DATA PROVIDED:

============

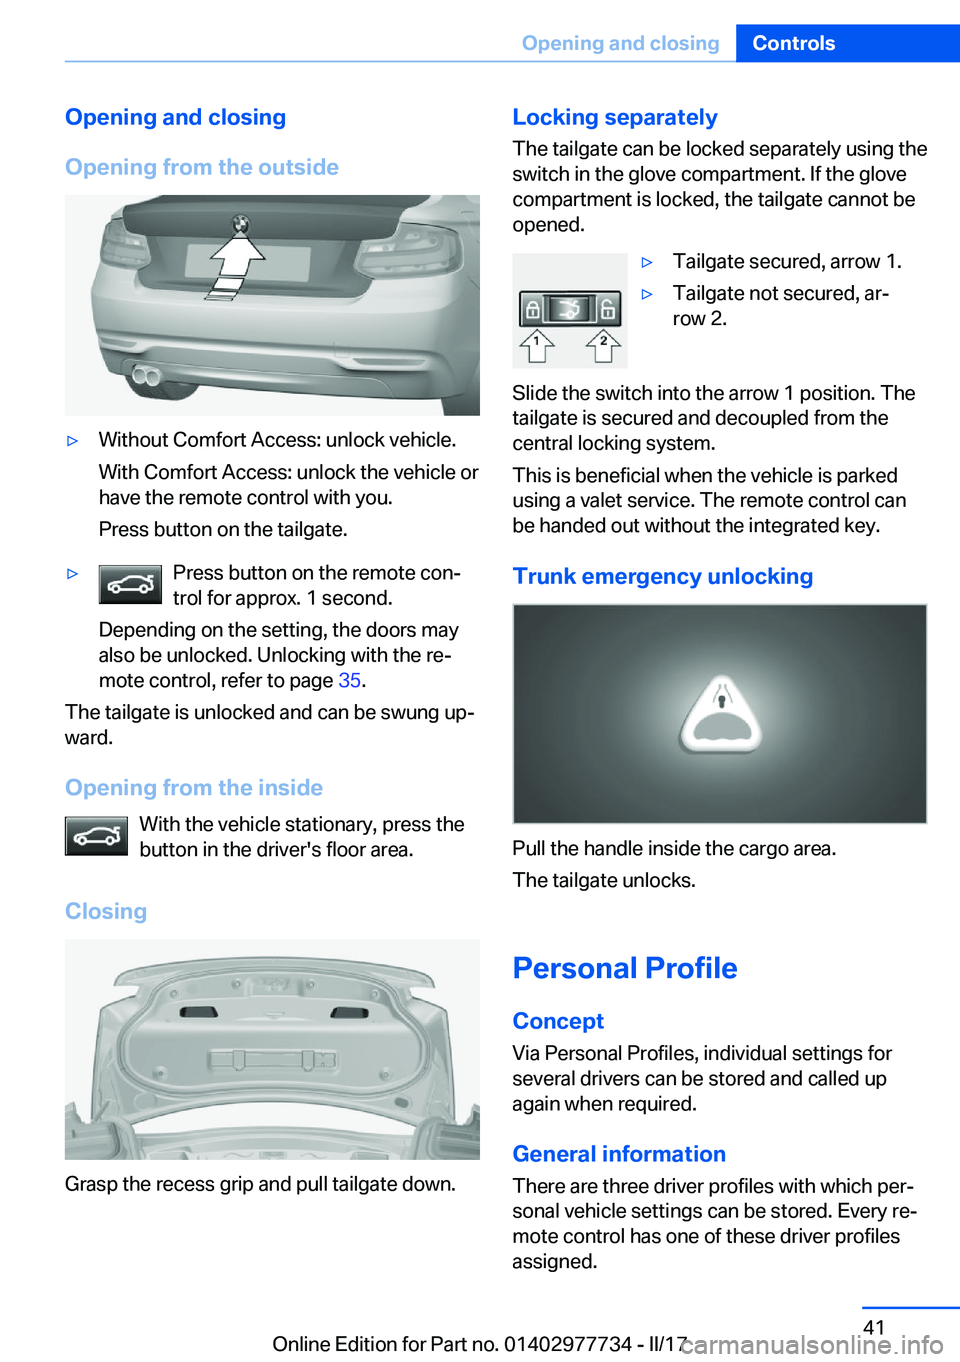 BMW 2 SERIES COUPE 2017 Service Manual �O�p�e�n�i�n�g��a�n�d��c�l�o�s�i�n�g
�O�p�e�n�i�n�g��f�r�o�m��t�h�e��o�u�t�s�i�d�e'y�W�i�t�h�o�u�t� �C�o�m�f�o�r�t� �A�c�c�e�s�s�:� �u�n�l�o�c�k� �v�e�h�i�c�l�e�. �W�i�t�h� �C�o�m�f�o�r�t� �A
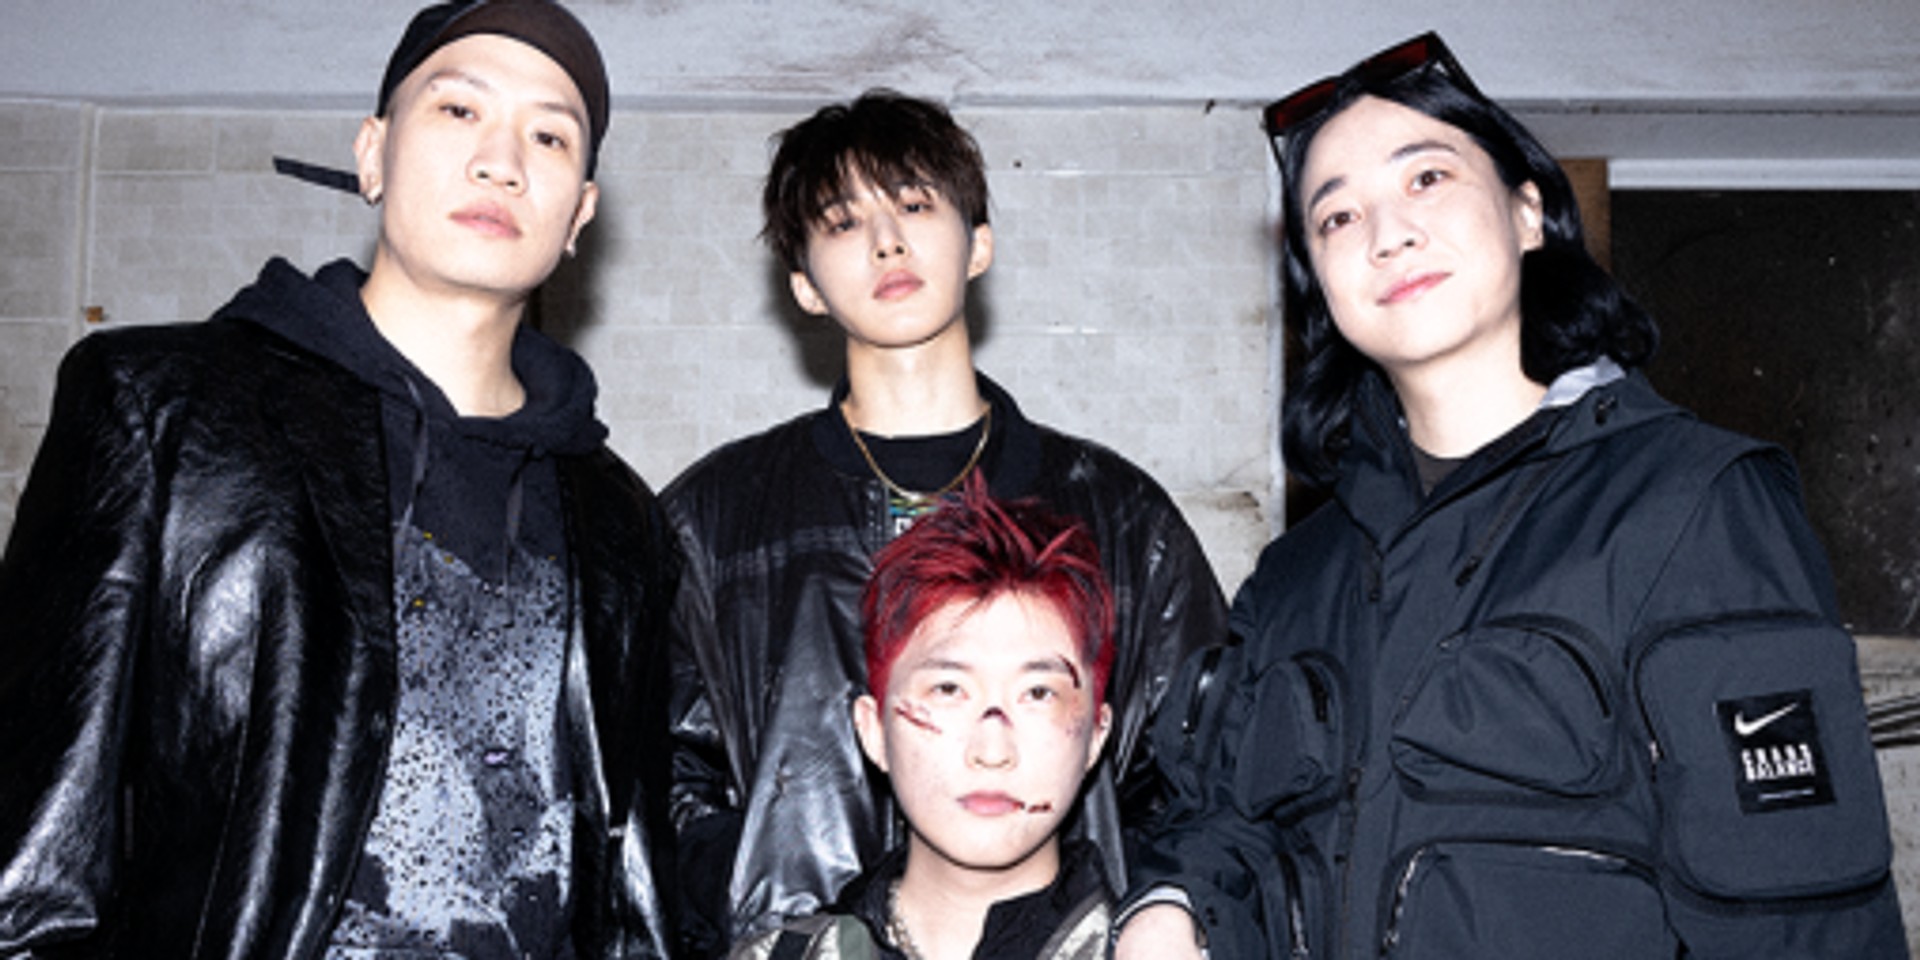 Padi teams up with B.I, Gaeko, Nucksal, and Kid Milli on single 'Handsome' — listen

============

Each line above should be returned exactly as written, apart from any pictures.

 BMW 2 SERIES COUPE 2017 Service Manual �O�p�e�n�i�n�g��a�n�d��c�l�o�s�i�n�g
�O�p�e�n�i�n�g��f�r�o�m��t�h�e��o�u�t�s�i�d�e'y�W�i�t�h�o�u�t� �C�o�m�f�o�r�t� �A�c�c�e�s�s�:� �u�n�l�o�c�k� �v�e�h�i�c�l�e�. �W�i�t�h� �C�o�m�f�o�r�t� �A
 Padi teams up with B.I, Gaeko, Nucksal, and Kid Milli on single 'Handsome' — listen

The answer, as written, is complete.